Golly, you've debunked nothing and now you're in denial about Jewish apartheid.
Why don't you twist some hasbara around Israel limiting the right of return to Jews only at the same time it sets limits on creating any new settlements for Arabs? I suspect you're also confused about political Zionism's dependence upon the ethnic cleansing of unwanted Arab natives in order to bring a Jewish majority state into existence in 1948. Start with explaining why you believe Jews who owned less than 7% of the land and amounted to one-third of the population received over half the land between the River and the sea.

Of course I debunked your article here in post 607 and the other thread in the link I showed you, but obviously I need to post the details of the link for a third time for you.

-------------------------------------------



March 6, 2009 by Steven Stotsky

The Independent Refuses to Correct Flawed Column on West Bank Sewage

The Independent, a British newspaper, has firmly established its reputation over the years as a relentless critic of Israel. It has long featured Robert Fisk, whose lively writings are laced with imaginary Israeli crimes, like his bizarre claim that Israel used "a secret new uranium-based weapon" in Lebanon (later found to be baseless by a UN investigation team), and doctored quotes by Israeli leaders to impugn their motives. In recent years, the newspaper has featured another Israel basher with a similar flair and imagination — Johann Hari. Like Fisk, Hari employs flawed portrayals and doctored quotes to cultivate the theme of Israel abusing Palestinians.

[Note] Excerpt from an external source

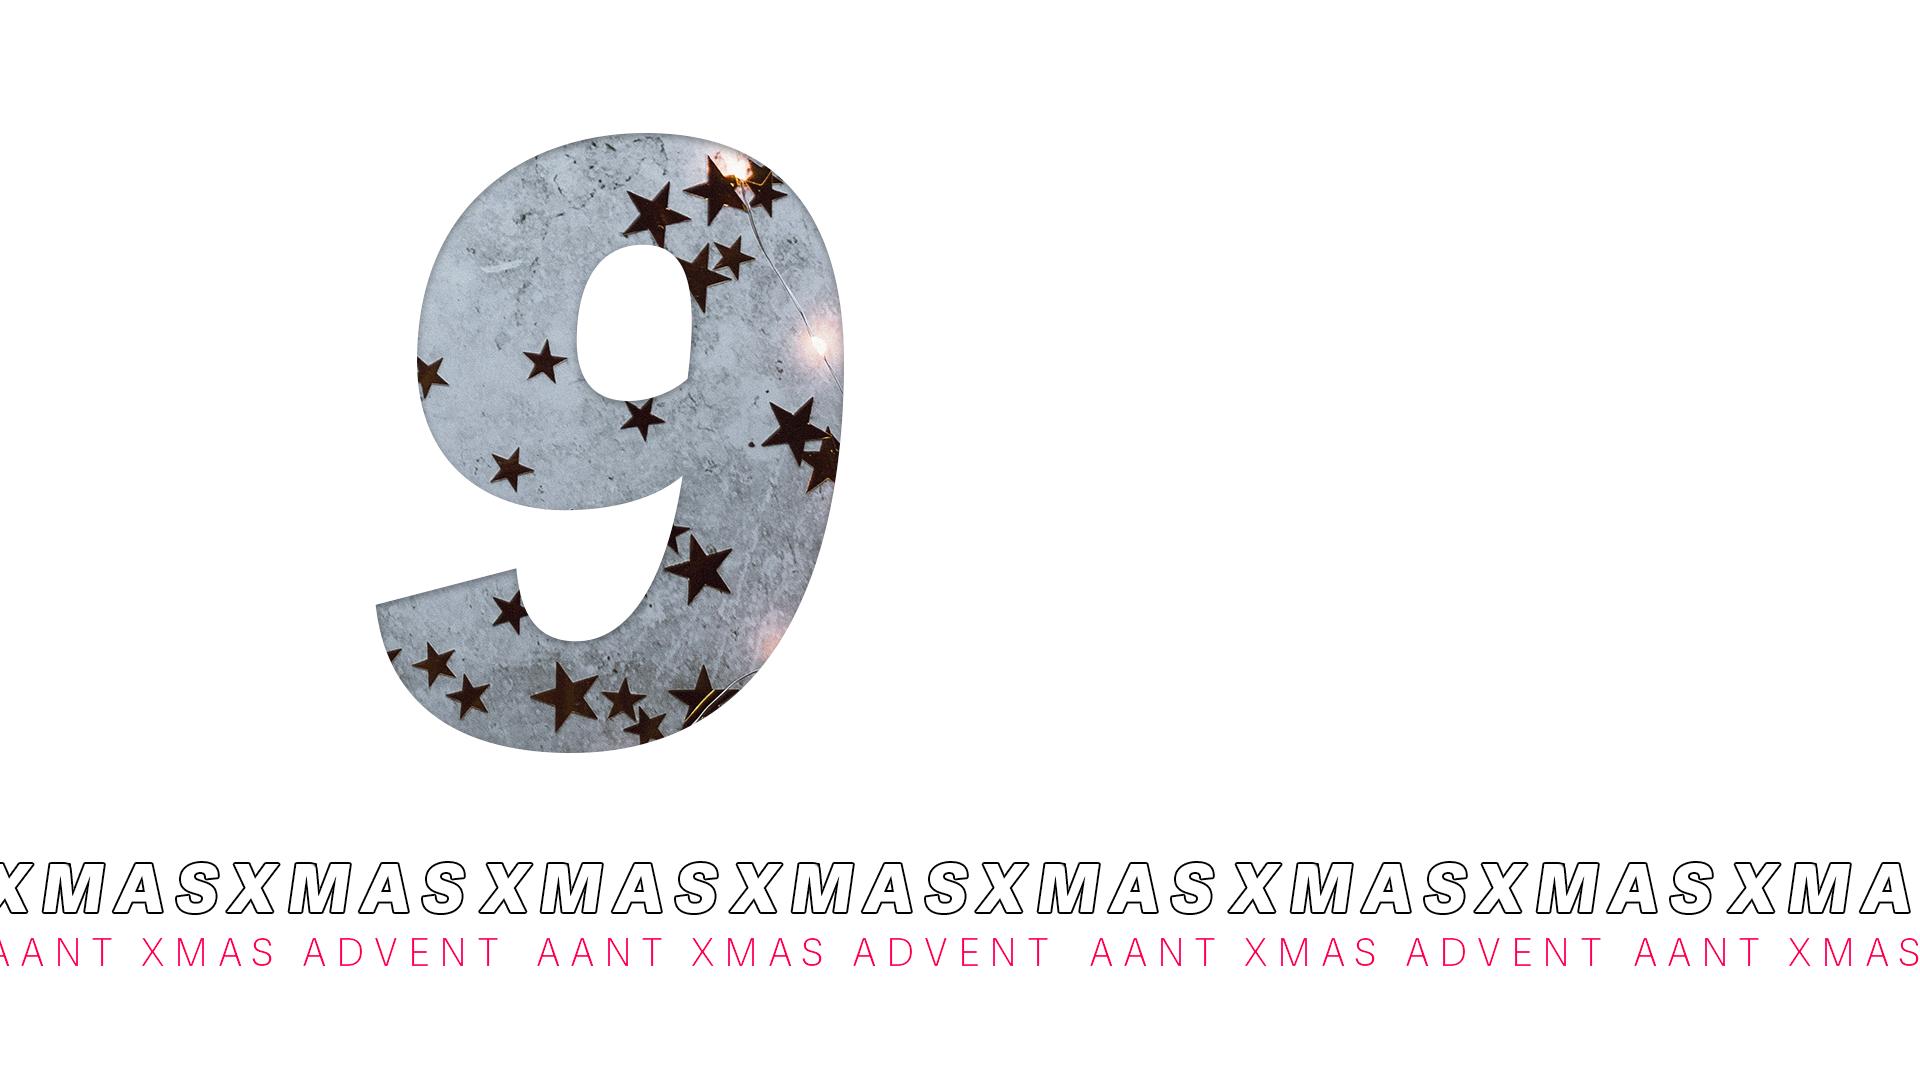 AANT XMAS ADVENT – 9 DICEMBRE

A case in point is Hari's column entitled "Israel is Suppressing a Secret it Must Face" published on April 28, 2008, where he suggested that Israel is deliberately contaminating Palestinian water. He wrote that:

Across the occupied West Bank, raw untreated sewage is pumped every day out of the Jewish settlements, along large metal pipes, straight onto Palestinian land. From there, it can enter the groundwater and the reservoirs and become a poison.

In fact, published studies demonstrate that it is the Palestinians who are mainly responsible for contaminating the water. Palestinian sources are responsible for 95 percent of all untreated waste in the West Bank, yet the remaining five percent from Jewish settlements receives all of Hari's approbation.

It seems rigorous fact-checking is not part of Hari's skill set. Not only did he misrepresent the facts about untreated waste in his column, but in a subsequent article, "The loathsome smearing of Israel's critics" (May 8, 2008), which was spurred by criticisms of his column, he falsely accused CAMERA of calling him "an anti-Jewish bigot akin to Joseph Goebbels and Mahmoud Ahmadinejad....."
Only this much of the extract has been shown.